The latest legal offensive launched by the Trump administration against the Federal Reserve may be facing the risk of backfiring. This move not only failed to push back current Fed Chairman Jerome Powell but also intensified speculation about his continued tenure as a Fed governor after his term as chairman ends in May 2026.

Last week, the U.S. Department of Justice issued a grand jury subpoena to the Federal Reserve, an action seen as an escalation of Trump's attempt to interfere with monetary policy. However, this move has instead reinforced an expectation among Fed watchers: even if Powell himself has no intention of clinging on, he may choose to stay on to defend the institution's independence. If this occurs, a significant "counterbalancing" force could emerge within the Fed alongside the new chairman.
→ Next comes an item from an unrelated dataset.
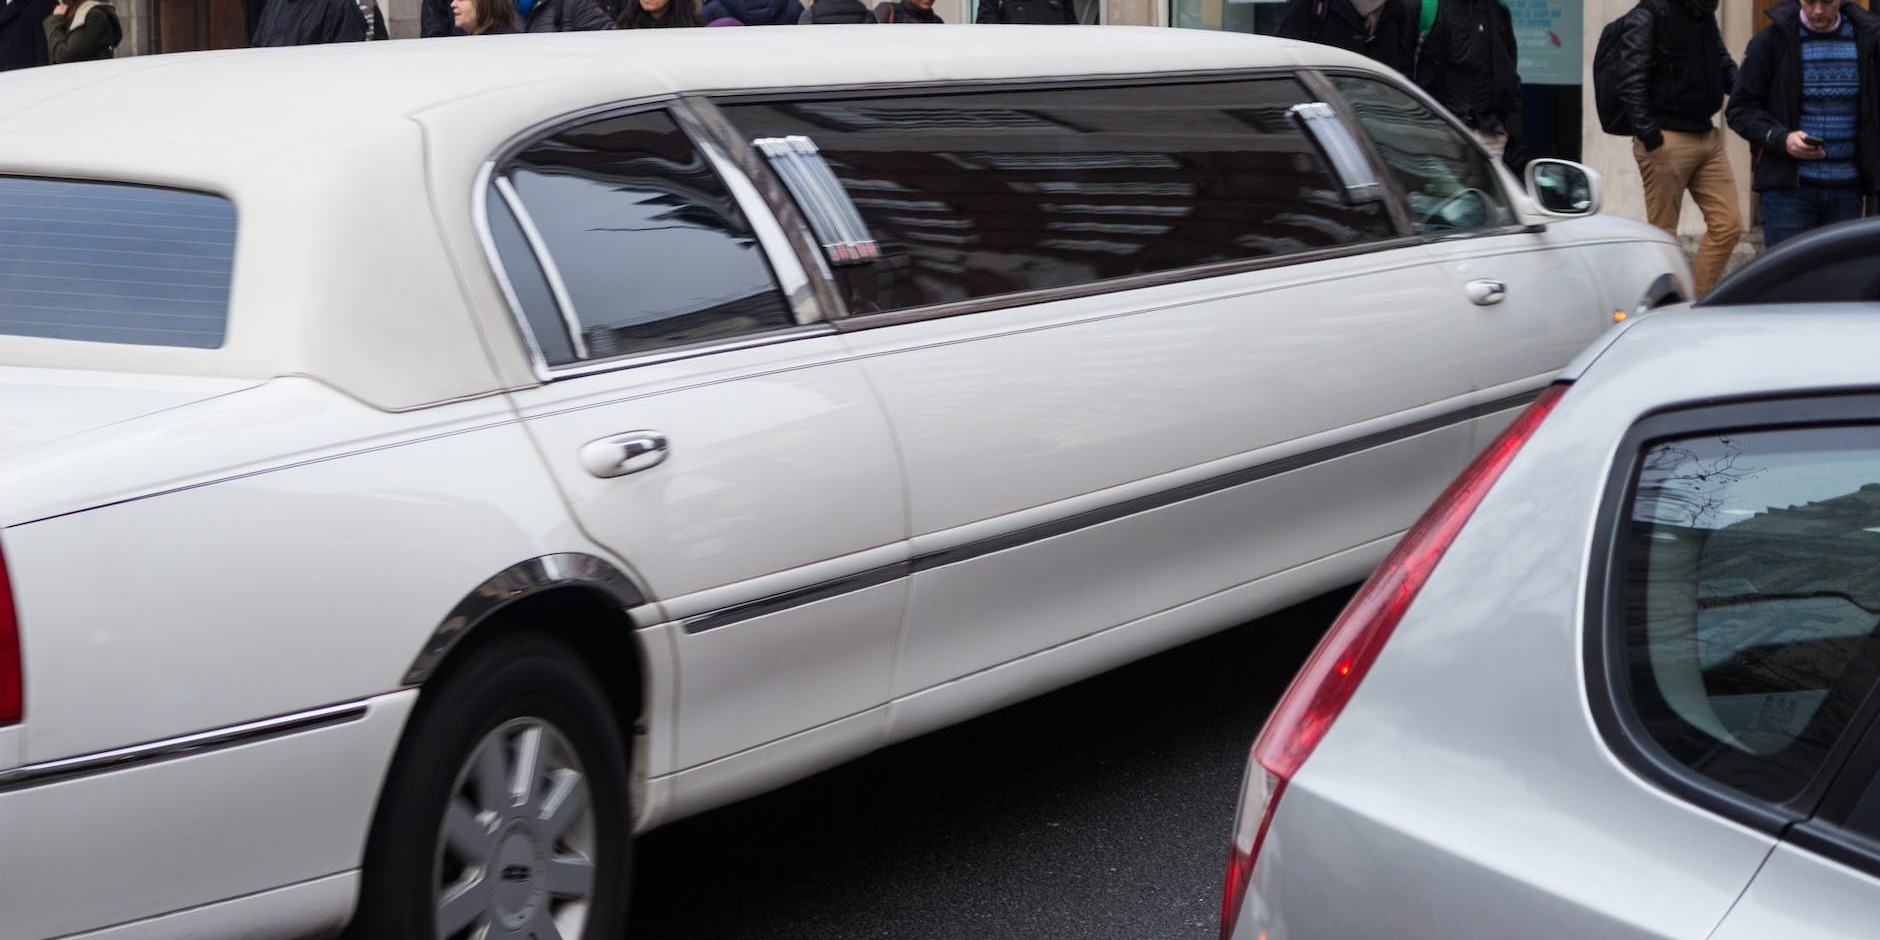 Top Tips for Booking a Limo Hire in London

Former Cleveland Fed President Loretta Mester warned that this power structure could evolve into a "two popes" situation. In such an environment, financial markets and the public may be confused about who holds the authority and the direction of interest rates. Although Powell's allies state he has no intention of acting as a "shadow chairman," his deep qualifications and record of defending the institution will inevitably lead outsiders to view him as another authoritative voice.

Currently, Fed officials have signaled that they may keep interest rates unchanged until more inflation and employment data is available. Although this incident has not yet had a direct impact on short-term monetary policy, the political and legal turmoil it has caused threatens Trump's succession plans. Key Republican member of the Senate Banking Committee, Thom Tillis, has explicitly stated he will oppose any of Trump's nominees until this dispute is resolved, further exacerbating uncertainty about the Fed's future leadership.

The "Two Popes" Dilemma and Market Concerns

If Powell continues to serve as a governor after stepping down as chairman, an extremely unusual power dynamic may emerge within the Fed. Former Cleveland Fed President Loretta Mester described it as a "two popes" situation, where financial markets and the public may be confused about "who is in charge."

Antulio Bomfim, global macro head at Northern Trust Asset Management and a former advisor to Powell, pointed out that although Powell himself does not desire to be a "shadow chairman," his reputation, experience, and record of defending the institution as a former chairman will inevitably lead him to be seen as another authoritative voice within the Fed. Even if Powell does not subjectively seek confrontation, the objective "dual center" effect will leave investors at a loss when interpreting monetary policy signals.

This situation will not only make it difficult for the new chairman nominated by Trump to establish authority but may also lead to increased market volatility. Investors are accustomed to seeking policy guidance from the Fed chairman's statements, and in a committee with a "shadow chairman," the consistency of policy communication will face severe challenges.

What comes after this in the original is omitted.